> TASK TO CARRY OUT
Give the lines again exactly as they appear below, from the line with "Kitchen Kitchens Interior Stockfotos" to the line with "Winter wonderland. - Stock Image", both included, and only those lines. Leave every picture out.
::: GIVEN DATA :::
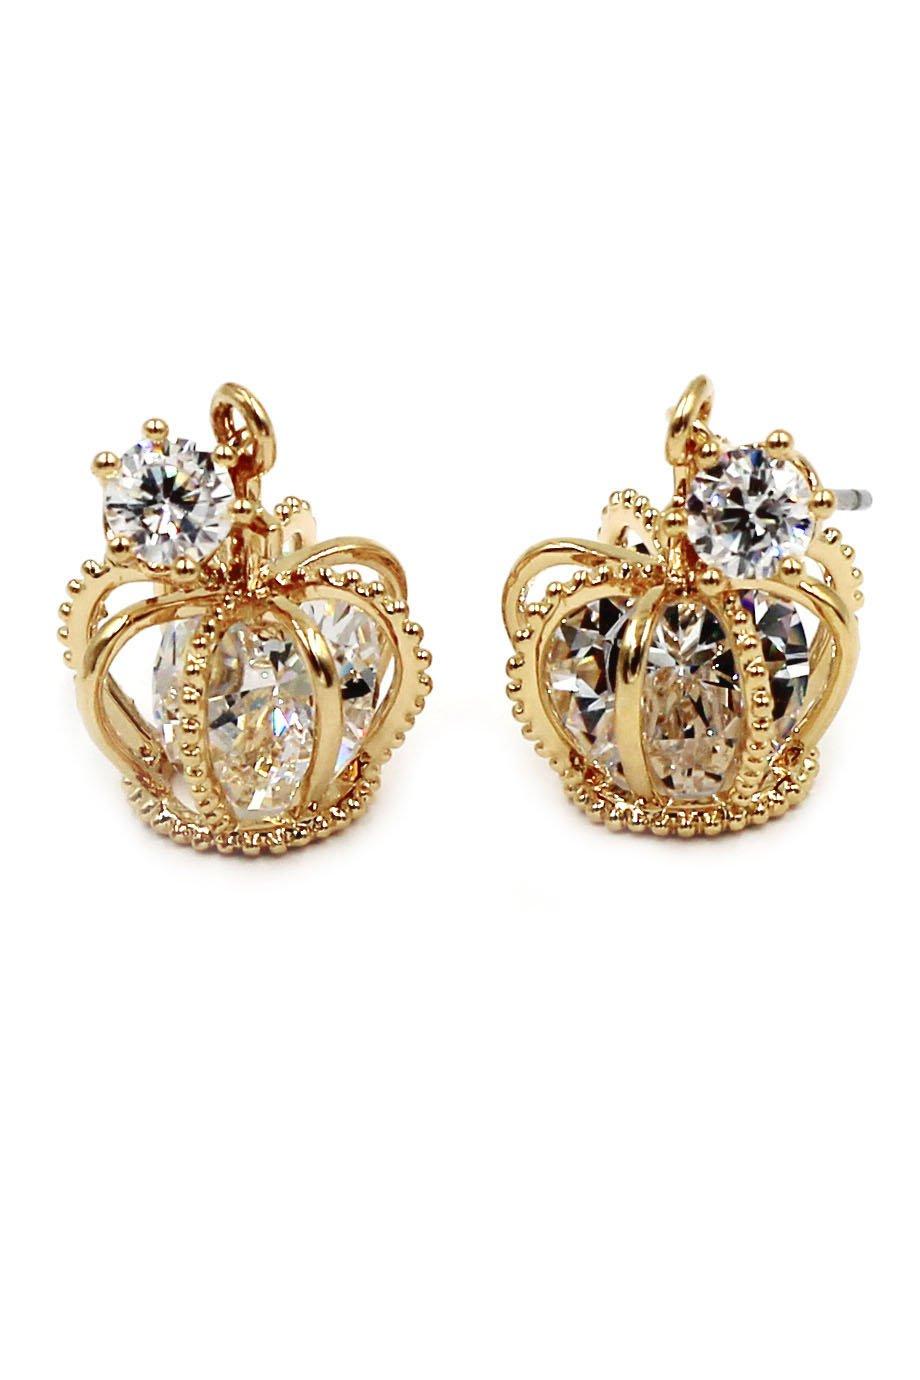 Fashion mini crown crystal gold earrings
:::
::: GIVEN DATA :::
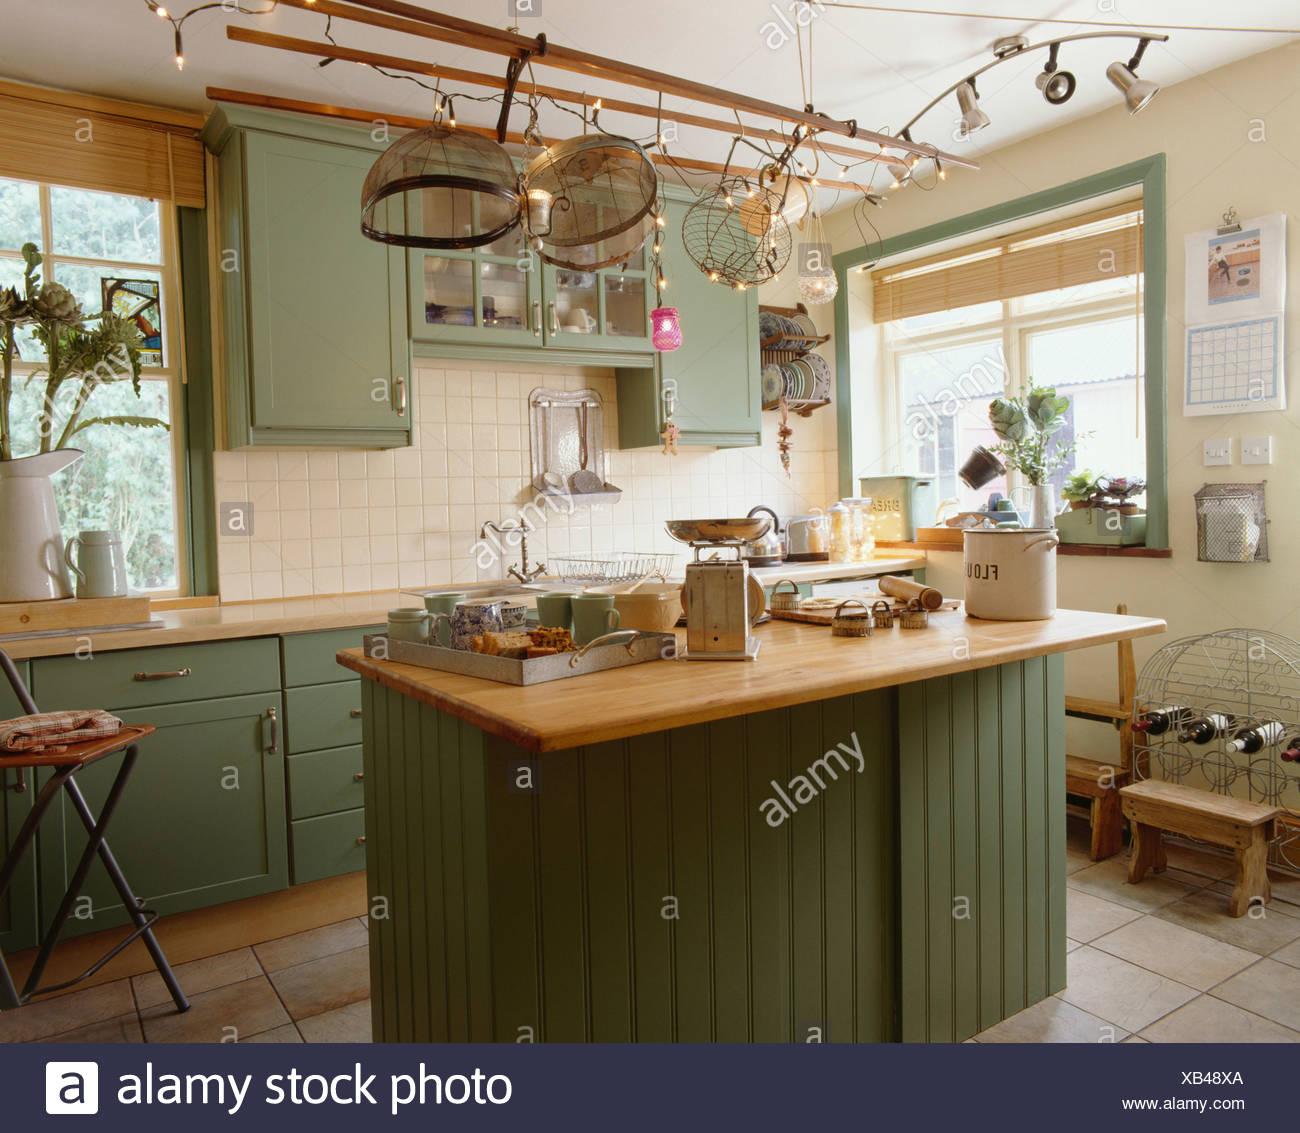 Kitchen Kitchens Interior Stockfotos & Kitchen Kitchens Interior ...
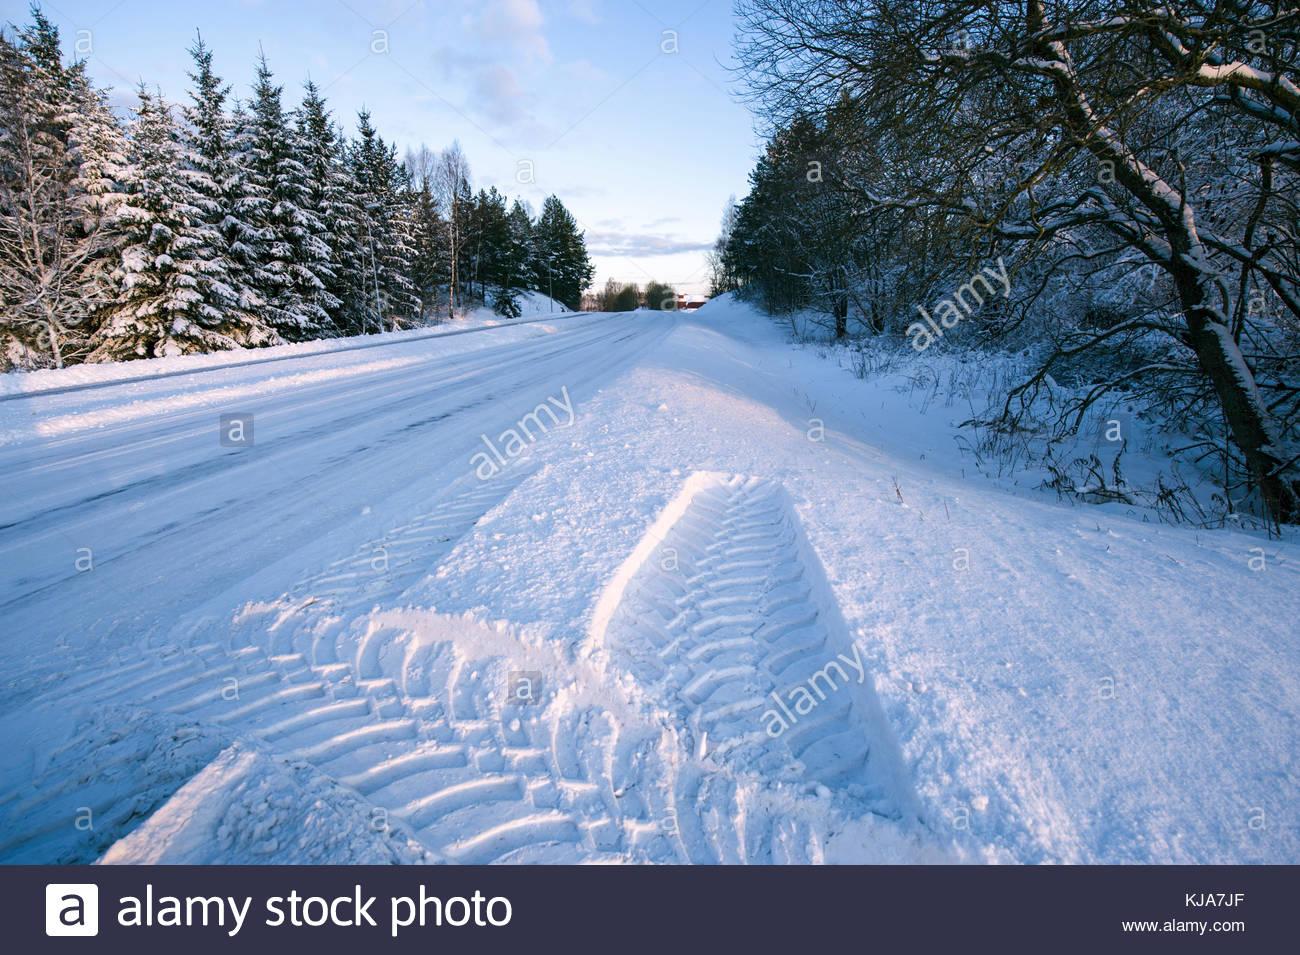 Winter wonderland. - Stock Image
:::
::: GIVEN DATA :::
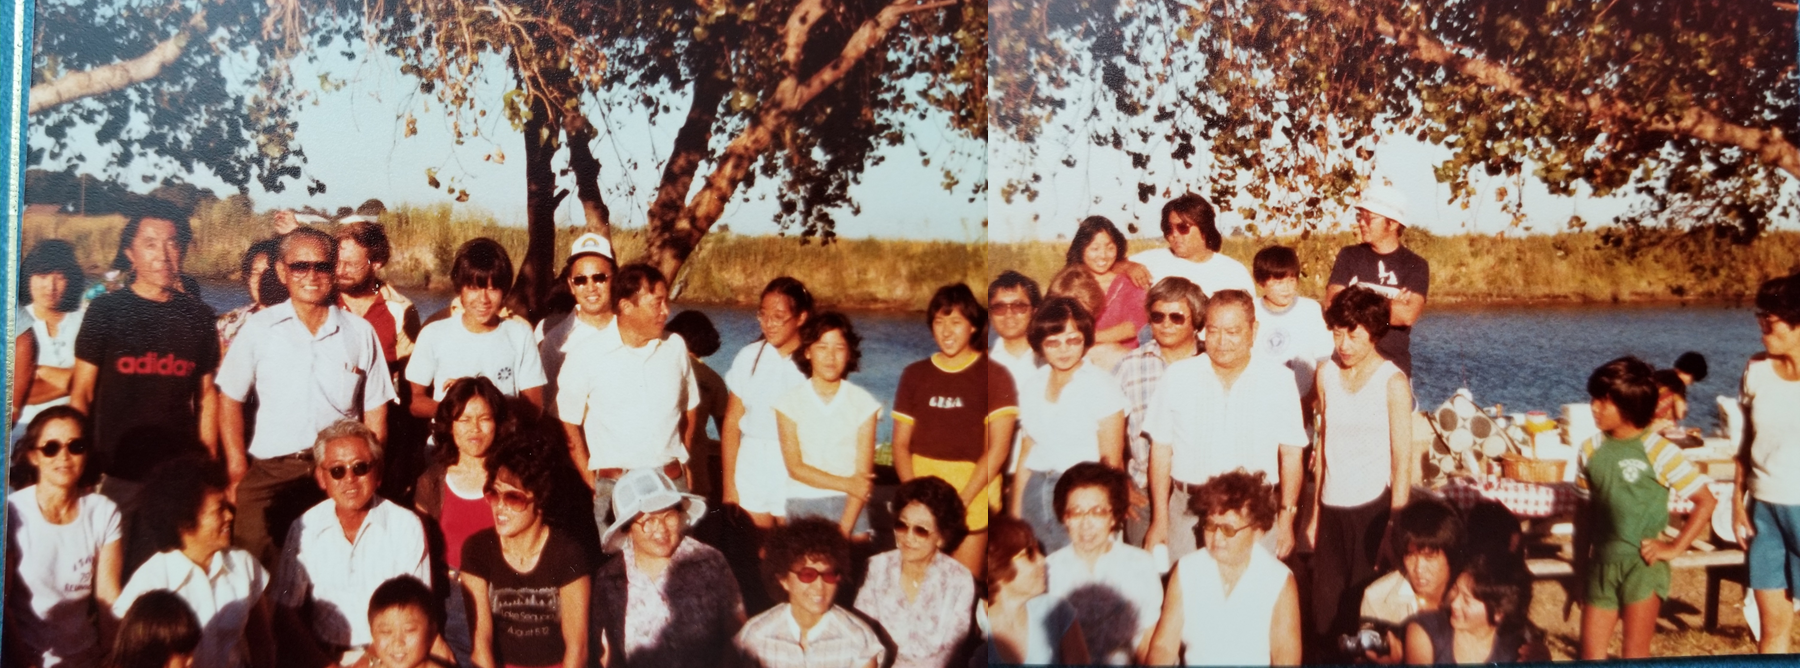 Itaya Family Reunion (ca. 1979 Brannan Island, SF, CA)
:::
> TASK SOLUTION
 Kitchen Kitchens Interior Stockfotos & Kitchen Kitchens Interior ...
 Winter wonderland. - Stock Image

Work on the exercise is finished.